* _ACTIVITY_:
Copy out each line from the start of the material below until the line with "Hochzeitsfoto@Studio2013 Foto &", that line included.

* _ENTRIES SUPPLIED_:
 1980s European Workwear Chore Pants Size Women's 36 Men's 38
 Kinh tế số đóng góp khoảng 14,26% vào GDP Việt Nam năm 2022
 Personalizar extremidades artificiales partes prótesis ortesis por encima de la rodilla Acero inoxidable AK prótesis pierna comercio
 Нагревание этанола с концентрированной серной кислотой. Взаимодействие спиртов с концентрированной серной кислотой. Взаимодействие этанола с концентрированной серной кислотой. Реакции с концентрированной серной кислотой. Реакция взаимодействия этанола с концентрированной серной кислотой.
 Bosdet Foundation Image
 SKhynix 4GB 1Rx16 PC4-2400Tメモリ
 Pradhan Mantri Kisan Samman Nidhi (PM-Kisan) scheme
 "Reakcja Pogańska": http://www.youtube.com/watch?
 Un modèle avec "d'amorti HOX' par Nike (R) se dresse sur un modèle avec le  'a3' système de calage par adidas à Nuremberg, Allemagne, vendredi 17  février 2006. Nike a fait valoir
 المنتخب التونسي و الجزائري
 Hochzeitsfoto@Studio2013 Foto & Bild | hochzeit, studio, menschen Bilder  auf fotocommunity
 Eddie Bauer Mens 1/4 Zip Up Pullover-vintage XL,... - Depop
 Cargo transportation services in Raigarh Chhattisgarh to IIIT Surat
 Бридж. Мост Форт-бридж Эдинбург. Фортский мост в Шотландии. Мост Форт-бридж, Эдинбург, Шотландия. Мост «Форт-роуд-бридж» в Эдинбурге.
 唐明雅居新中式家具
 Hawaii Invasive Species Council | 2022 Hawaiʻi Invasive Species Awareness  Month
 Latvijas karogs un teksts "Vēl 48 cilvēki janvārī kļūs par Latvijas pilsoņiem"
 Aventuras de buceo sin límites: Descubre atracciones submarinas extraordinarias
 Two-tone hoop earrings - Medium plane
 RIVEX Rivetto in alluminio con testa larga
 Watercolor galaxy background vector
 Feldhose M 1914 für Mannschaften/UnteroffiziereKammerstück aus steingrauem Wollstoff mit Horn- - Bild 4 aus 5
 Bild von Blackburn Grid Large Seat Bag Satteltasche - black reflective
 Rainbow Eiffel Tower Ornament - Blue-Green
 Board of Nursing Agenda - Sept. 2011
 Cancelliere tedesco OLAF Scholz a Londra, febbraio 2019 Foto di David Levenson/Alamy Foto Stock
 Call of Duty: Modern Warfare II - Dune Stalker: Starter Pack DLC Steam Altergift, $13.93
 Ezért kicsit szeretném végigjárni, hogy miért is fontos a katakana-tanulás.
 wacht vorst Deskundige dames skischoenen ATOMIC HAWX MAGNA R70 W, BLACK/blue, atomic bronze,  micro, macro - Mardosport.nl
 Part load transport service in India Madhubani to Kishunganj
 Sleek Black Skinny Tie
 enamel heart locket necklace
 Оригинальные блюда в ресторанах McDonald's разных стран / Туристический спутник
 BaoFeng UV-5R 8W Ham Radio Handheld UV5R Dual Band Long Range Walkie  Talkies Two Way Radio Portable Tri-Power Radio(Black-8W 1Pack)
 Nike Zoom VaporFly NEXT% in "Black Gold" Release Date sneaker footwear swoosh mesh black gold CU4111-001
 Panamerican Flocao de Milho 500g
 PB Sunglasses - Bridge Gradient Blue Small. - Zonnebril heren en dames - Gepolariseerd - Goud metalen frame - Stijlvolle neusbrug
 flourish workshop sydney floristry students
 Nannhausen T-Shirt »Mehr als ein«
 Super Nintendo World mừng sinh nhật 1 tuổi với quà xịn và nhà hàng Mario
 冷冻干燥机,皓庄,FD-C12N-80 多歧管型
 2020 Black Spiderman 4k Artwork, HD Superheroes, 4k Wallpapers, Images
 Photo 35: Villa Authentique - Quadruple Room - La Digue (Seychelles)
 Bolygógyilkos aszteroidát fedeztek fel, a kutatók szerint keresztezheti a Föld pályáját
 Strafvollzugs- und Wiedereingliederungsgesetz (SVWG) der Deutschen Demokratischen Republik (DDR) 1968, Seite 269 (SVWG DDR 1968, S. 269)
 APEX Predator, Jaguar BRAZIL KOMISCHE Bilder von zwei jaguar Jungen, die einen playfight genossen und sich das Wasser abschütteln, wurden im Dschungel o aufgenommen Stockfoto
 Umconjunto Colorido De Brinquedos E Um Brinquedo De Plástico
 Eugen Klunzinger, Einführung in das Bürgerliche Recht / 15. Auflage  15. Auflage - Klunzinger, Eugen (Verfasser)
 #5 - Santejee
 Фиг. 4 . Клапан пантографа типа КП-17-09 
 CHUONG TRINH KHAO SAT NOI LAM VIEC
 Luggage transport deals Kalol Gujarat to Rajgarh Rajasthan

* _EXERCISE ANSWER_:
 1980s European Workwear Chore Pants Size Women's 36 Men's 38
 Kinh tế số đóng góp khoảng 14,26% vào GDP Việt Nam năm 2022
 Personalizar extremidades artificiales partes prótesis ortesis por encima de la rodilla Acero inoxidable AK prótesis pierna comercio
 Нагревание этанола с концентрированной серной кислотой. Взаимодействие спиртов с концентрированной серной кислотой. Взаимодействие этанола с концентрированной серной кислотой. Реакции с концентрированной серной кислотой. Реакция взаимодействия этанола с концентрированной серной кислотой.
 Bosdet Foundation Image
 SKhynix 4GB 1Rx16 PC4-2400Tメモリ
 Pradhan Mantri Kisan Samman Nidhi (PM-Kisan) scheme
 "Reakcja Pogańska": http://www.youtube.com/watch?
 Un modèle avec "d'amorti HOX' par Nike (R) se dresse sur un modèle avec le  'a3' système de calage par adidas à Nuremberg, Allemagne, vendredi 17  février 2006. Nike a fait valoir
 المنتخب التونسي و الجزائري
 Hochzeitsfoto@Studio2013 Foto & Bild | hochzeit, studio, menschen Bilder  auf fotocommunity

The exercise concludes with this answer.